Fig. 1 — Representative spectra of liver tissues from mice fed high fat diets supplemented with 6% olive oil (*top*) and 6% fish oil (*bottom*). The spectra are divided into three regions a phospholipid fragments (PL-Hg) b PA phospholipids, PC, PE, etc., and c *TAG* triacylglycerides

Triacylglycerides are of importance in this comparison because they are the major components of edible oils [11, 12]. In 2006 Lay et al. [11] observed that with the use of MALDI time-of-flight (TOF) mass spectrometry that edible oils can be identified through their TAG content. It is evident from the spectra shown in Fig. 1 that liver tissues from mice fed with the olive oil diet contain more TAG compared with liver tissues from mice fed with the fish oil diet. On the contrary, liver samples from fish oil fed mice have elevated PL contents compared with those from olive oil fed mice. The PLs and TAG content of the samples were binned together and a cross correlation calculation was done.

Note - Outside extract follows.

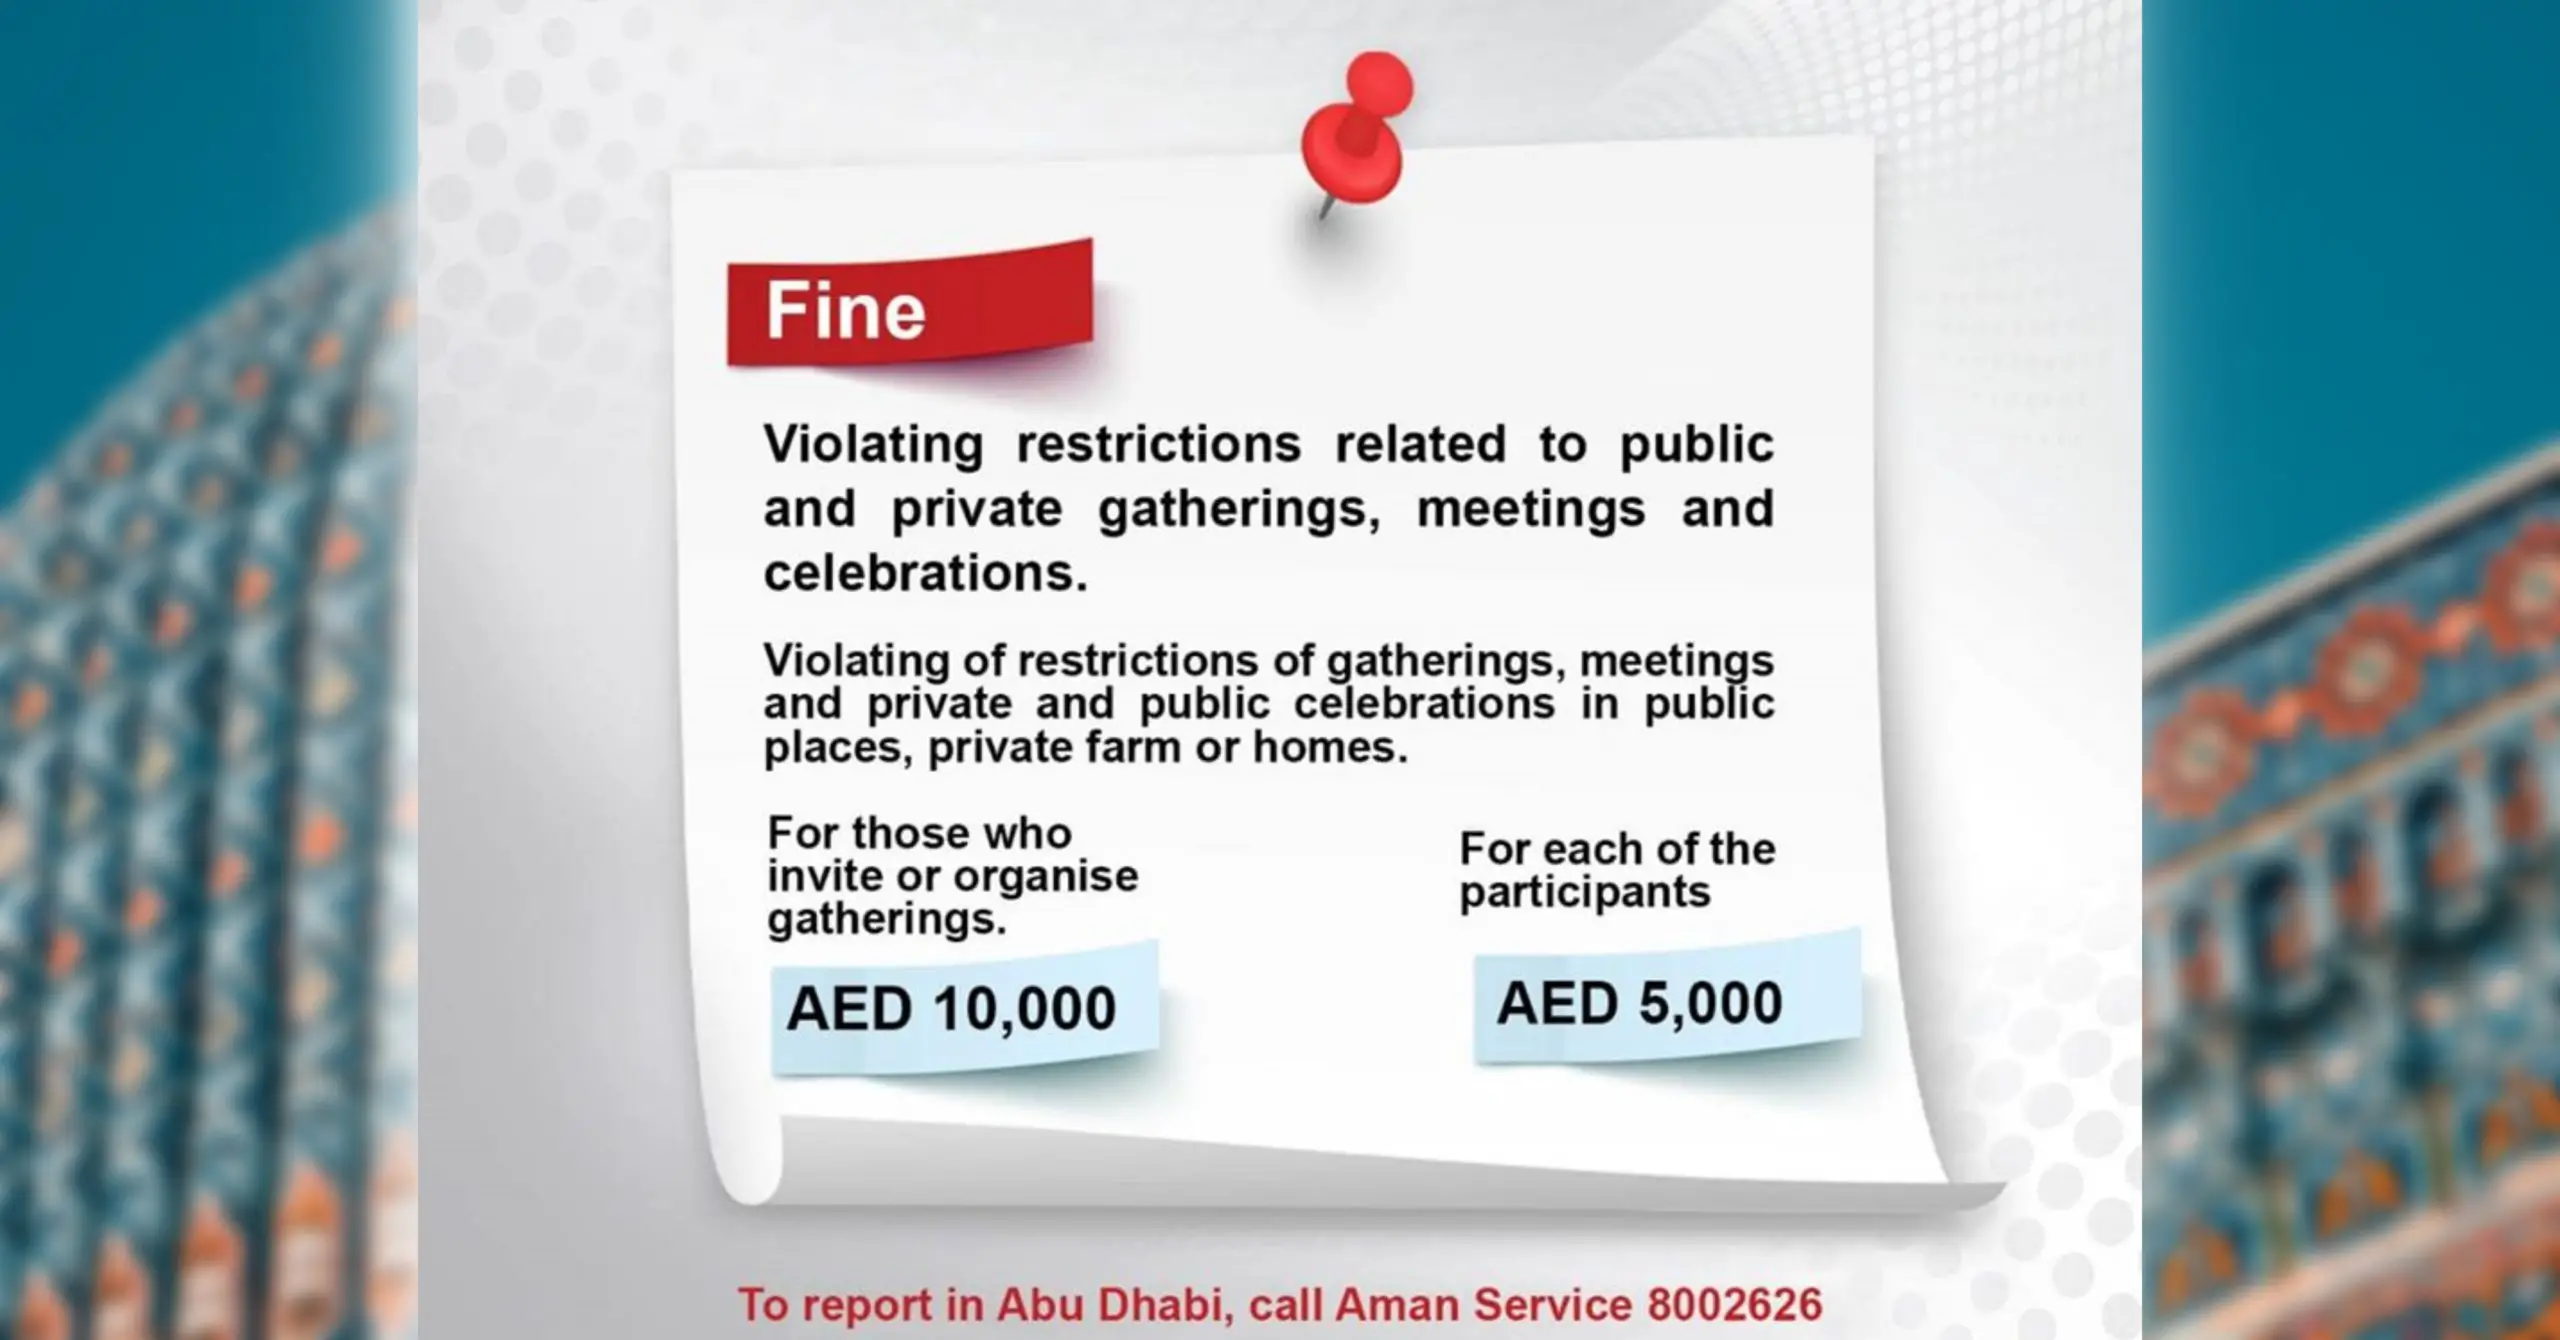 Beware: Up to AED 15,000 Fines for Organizing Gatherings in UAE

The histogram correlation (Fig. 2) between the two samples is 0.2580 showing the expected low correlation. Based on these results, mice fed fish oil have lower TAG content than mice fed olive oil.

Fig. 2 — Histogram plot of lipid and phospholipids found in liver tissues from mice fed a high fat diet supplemented with 6% olive oil (*top*) and fish oil (*bottom*)

The results obtained in this study using MALDI FTMS are comparable to those obtained by Saraswathi et al. [9] using fatty acid methyl ester (FAME) analysis, wherein it was observed that the total TAG concentration in the liver for mice fed with the olive oil diet (74 mg/g tissue) is greater than that found in livers of fish oil fed mice (59 mg/g tissue). Although the biological importance of increased PLs in mice fed fish oil is not clear, our study demonstrates that MALDI FTMS can be used to better characterize the PL species in biological samples. Several previous studies have analyzed the relationship between fish oil diets and hypertriglyceridemia [13, 14] and all of their results reveal that dietary fish oil supplements reduce plasma TAG levels. The differences in their TAG content may be attributed to the fish oil’s ability to reduce hepatic triacylglyceride synthesis [9, 15]. Hypertriglyceridemia and hepatic steatosis have been linked to their contribution to cardiovascular diseases and diabetes [16, 17].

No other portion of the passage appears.